## TASK
Reproduce, exactly and in full, the lines from the one with "trobart maps digital" through the one with "Louis Vuitton NEW" in the data below; drop pictures.

## DATA SUPPLIED
====
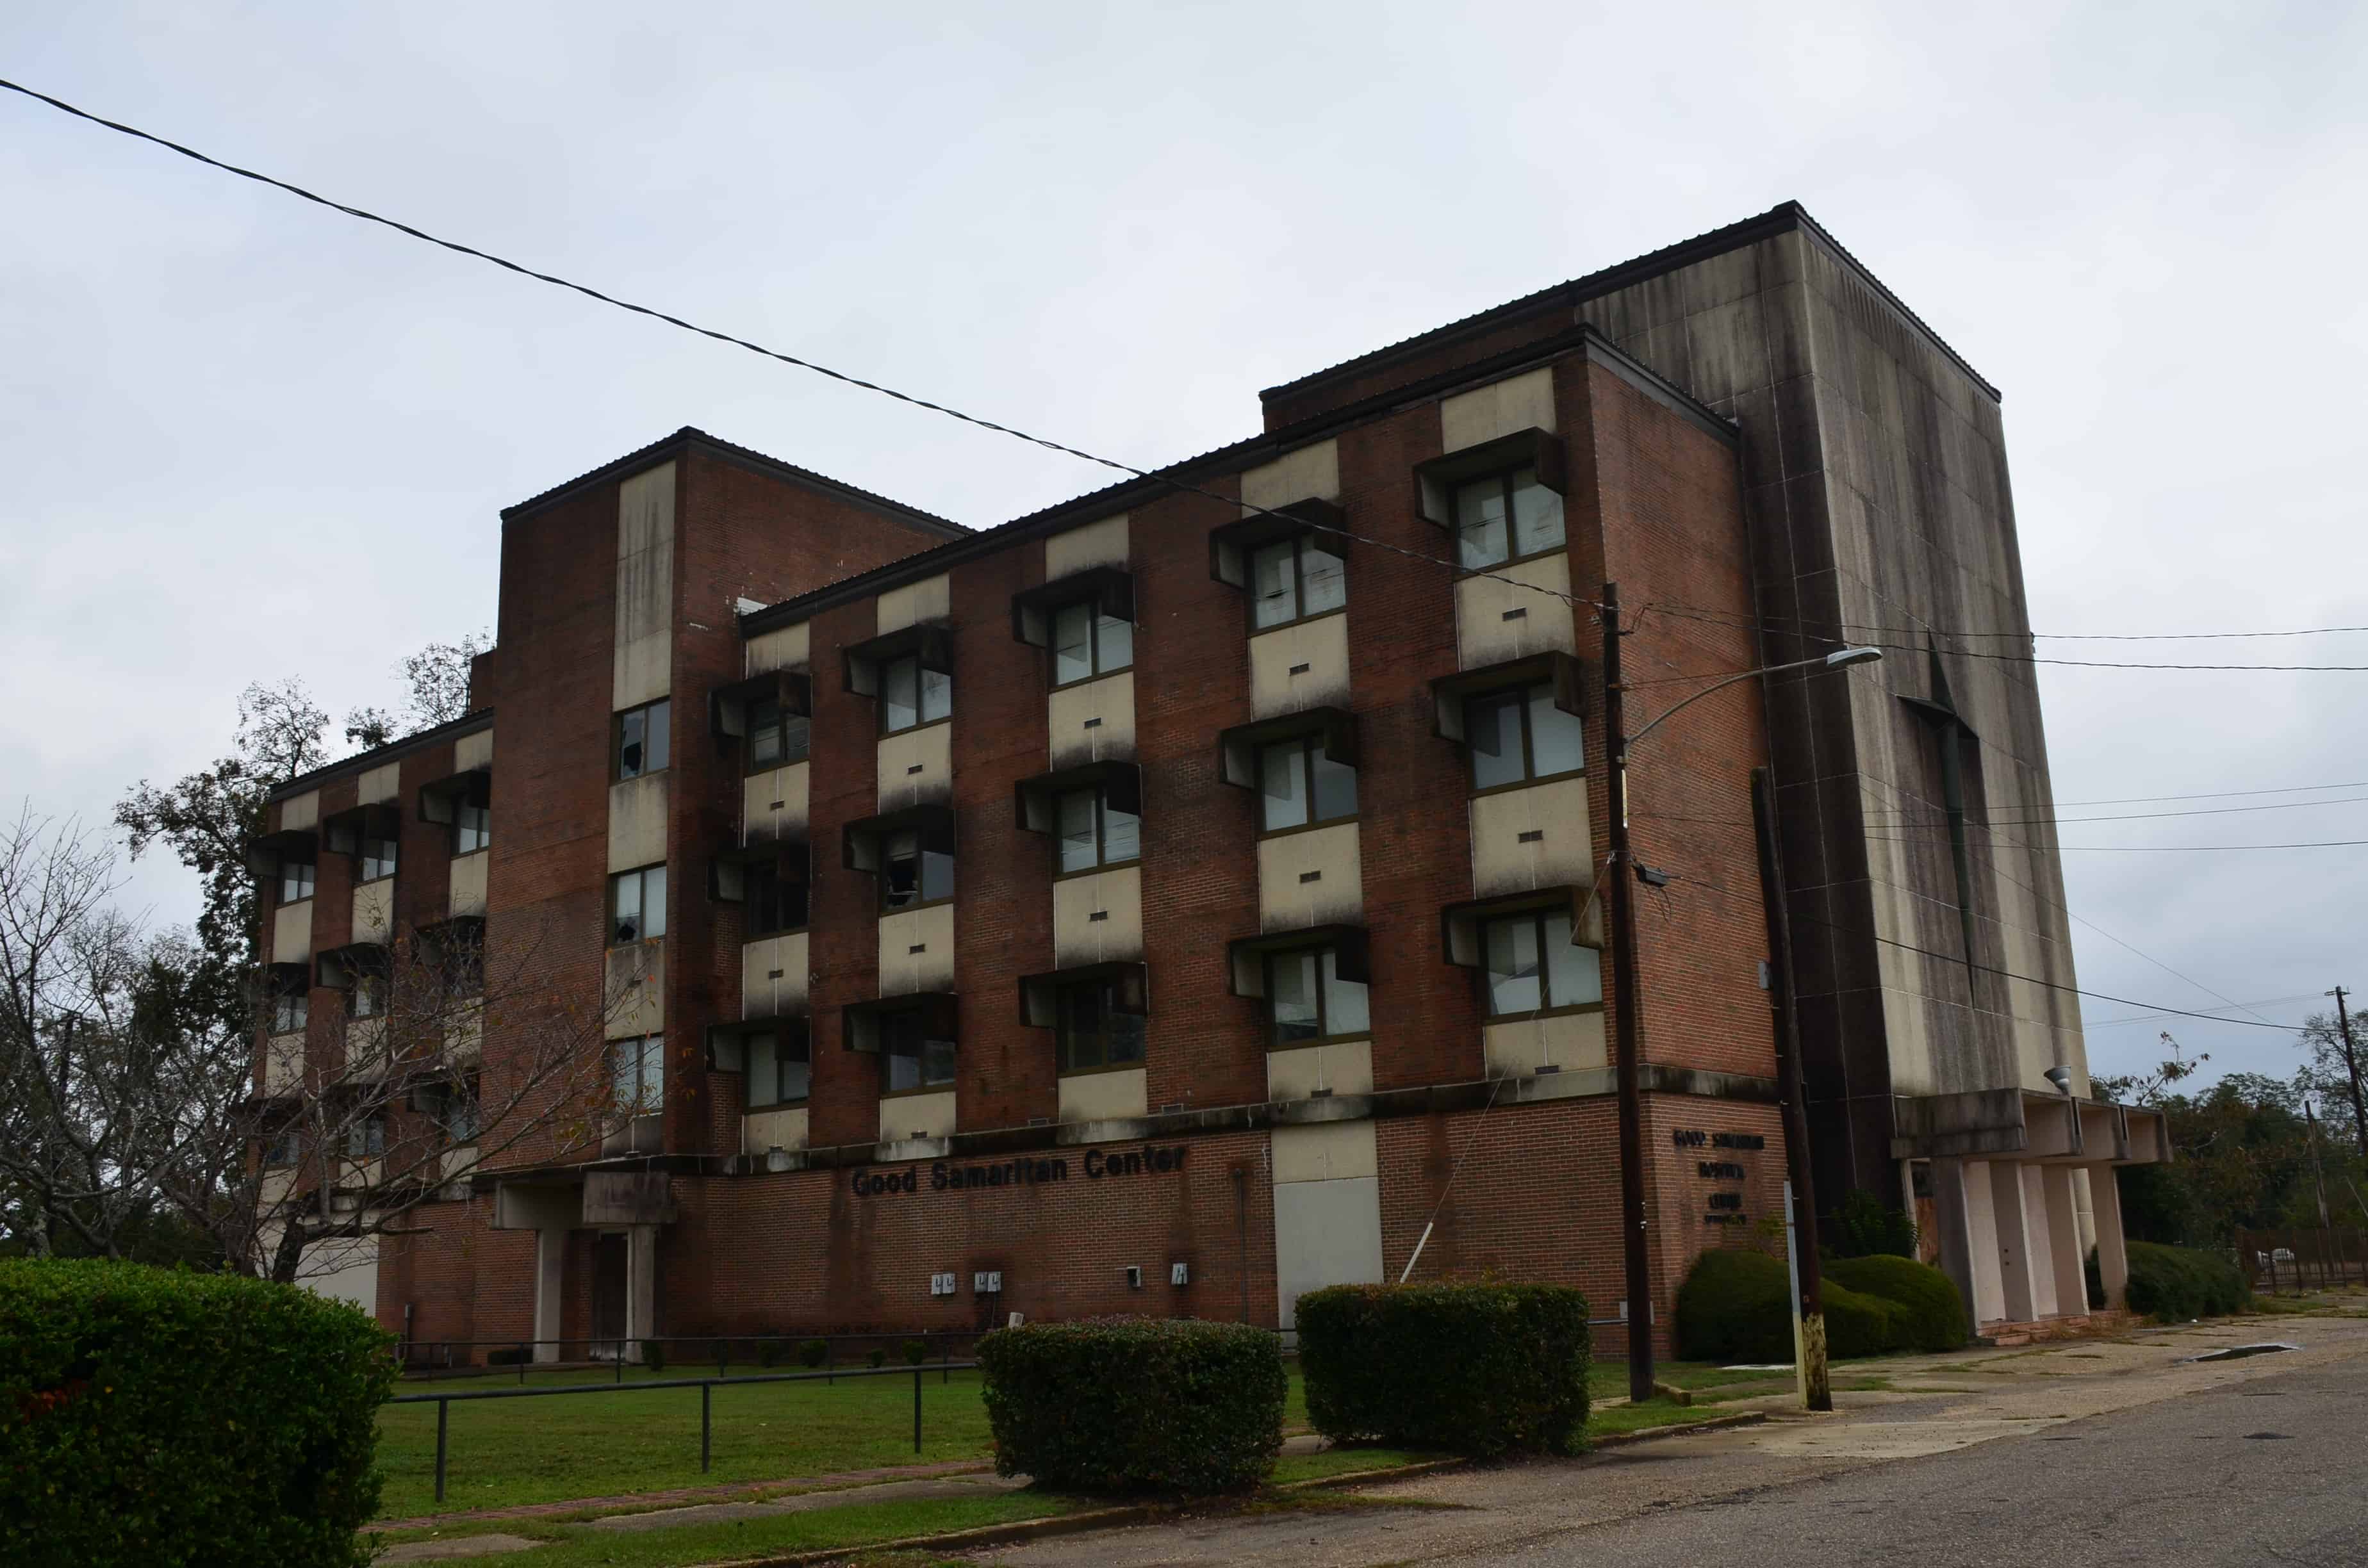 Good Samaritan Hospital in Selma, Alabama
====
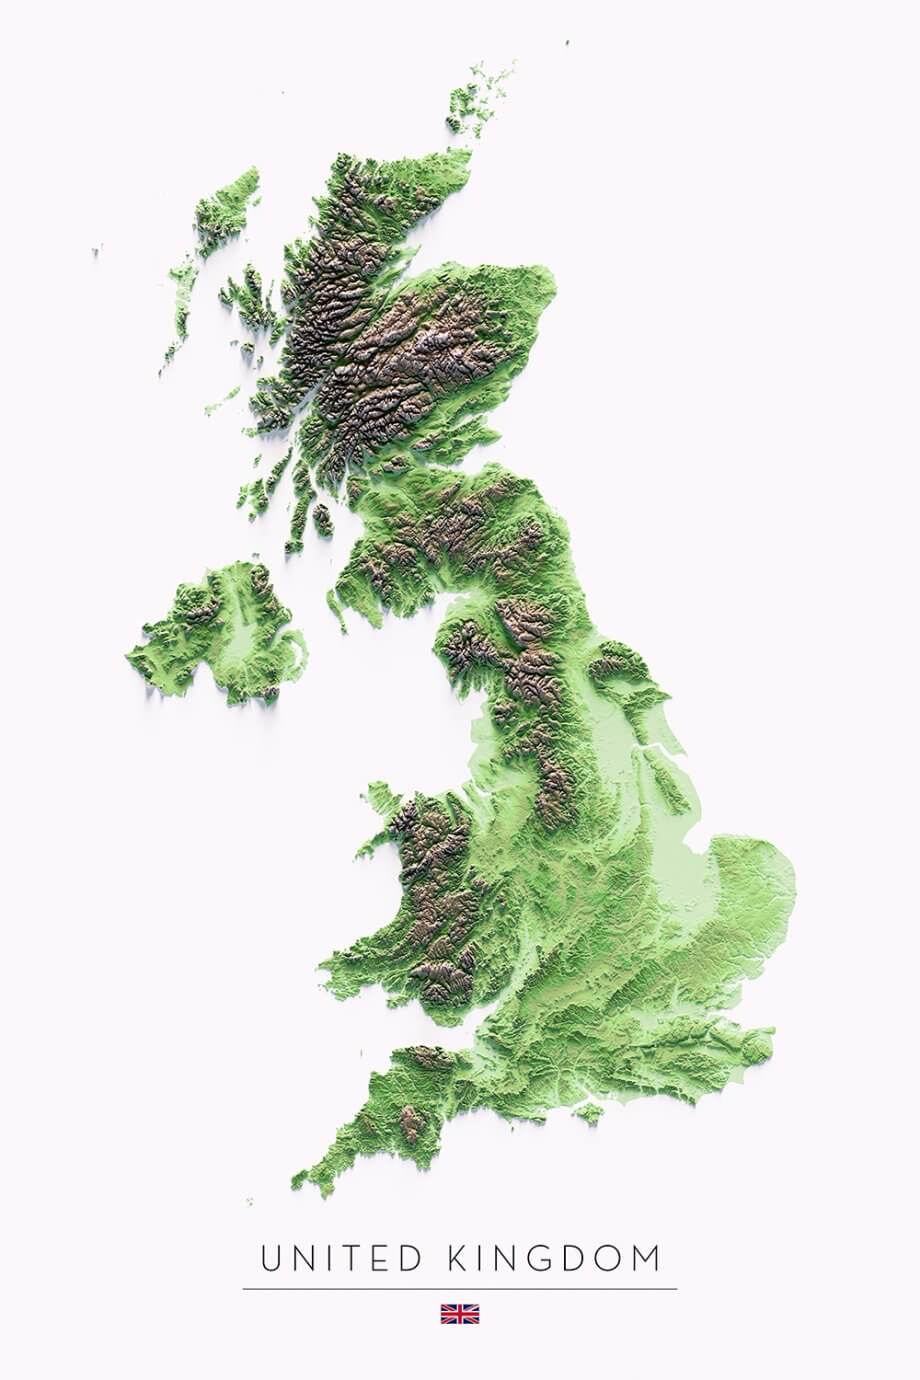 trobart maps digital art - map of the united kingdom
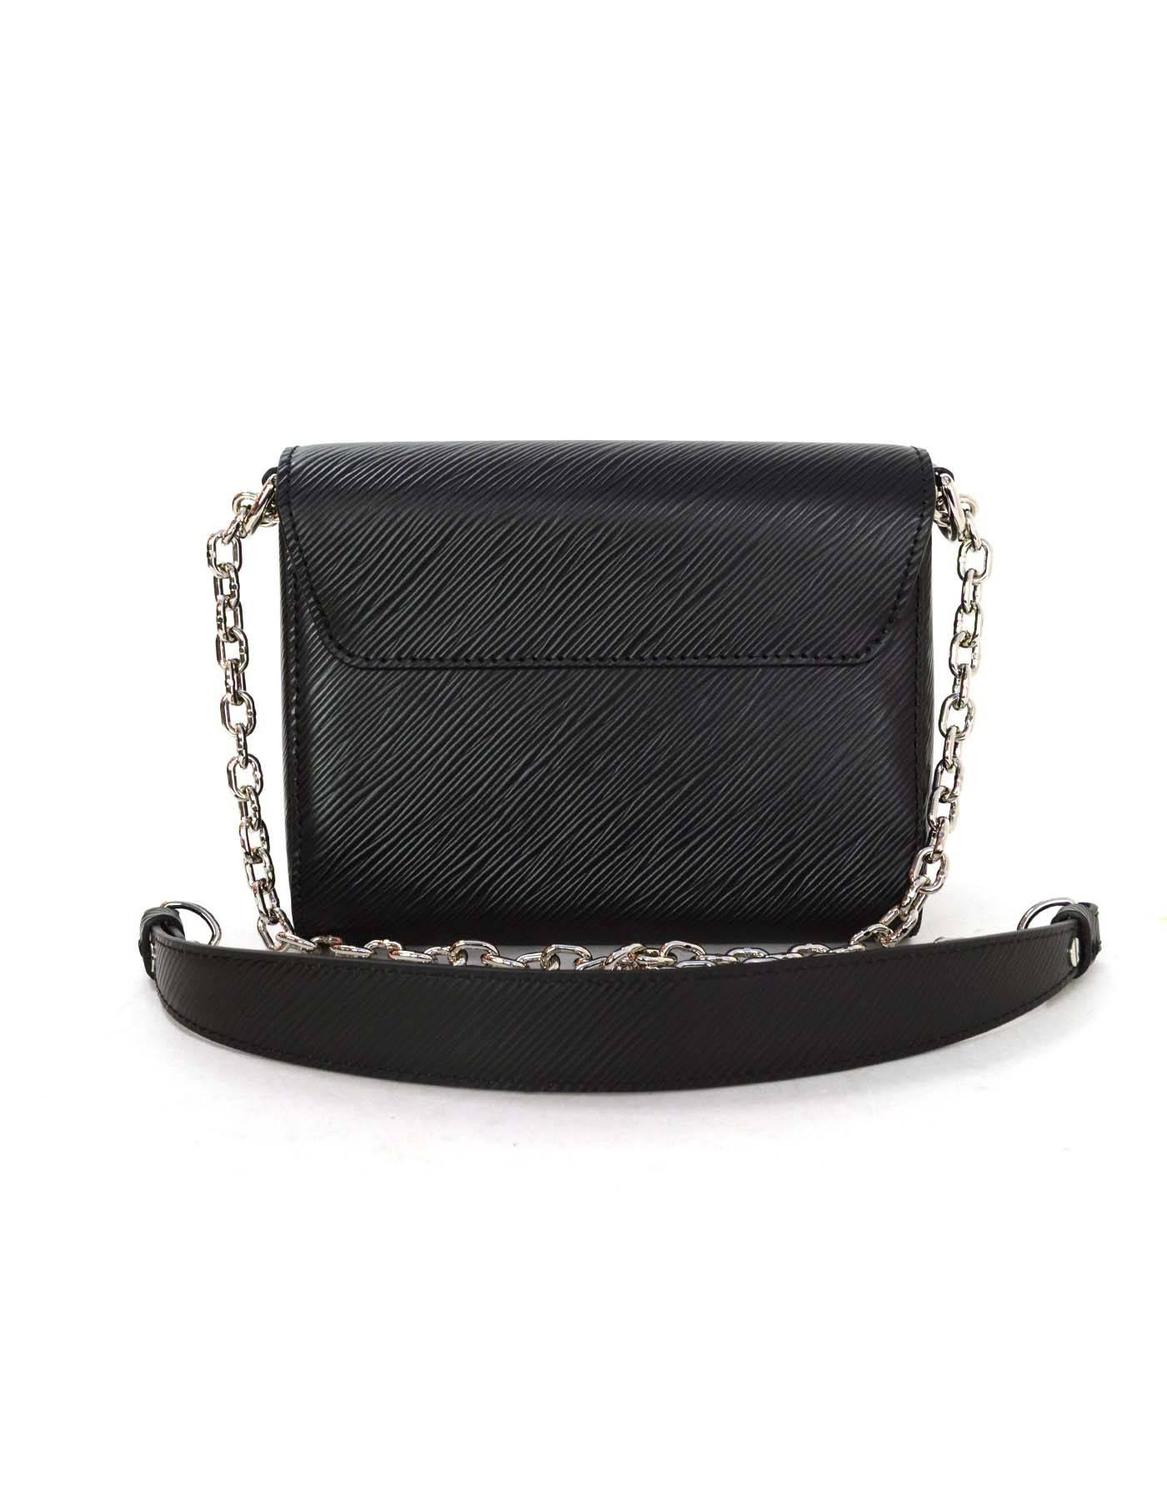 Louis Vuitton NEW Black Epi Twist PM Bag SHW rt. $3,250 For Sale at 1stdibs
====
## WRITTEN REPLY
 trobart maps digital art - map of the united kingdom
 Louis Vuitton NEW Black Epi Twist PM Bag SHW rt. $3,250 For Sale at 1stdibs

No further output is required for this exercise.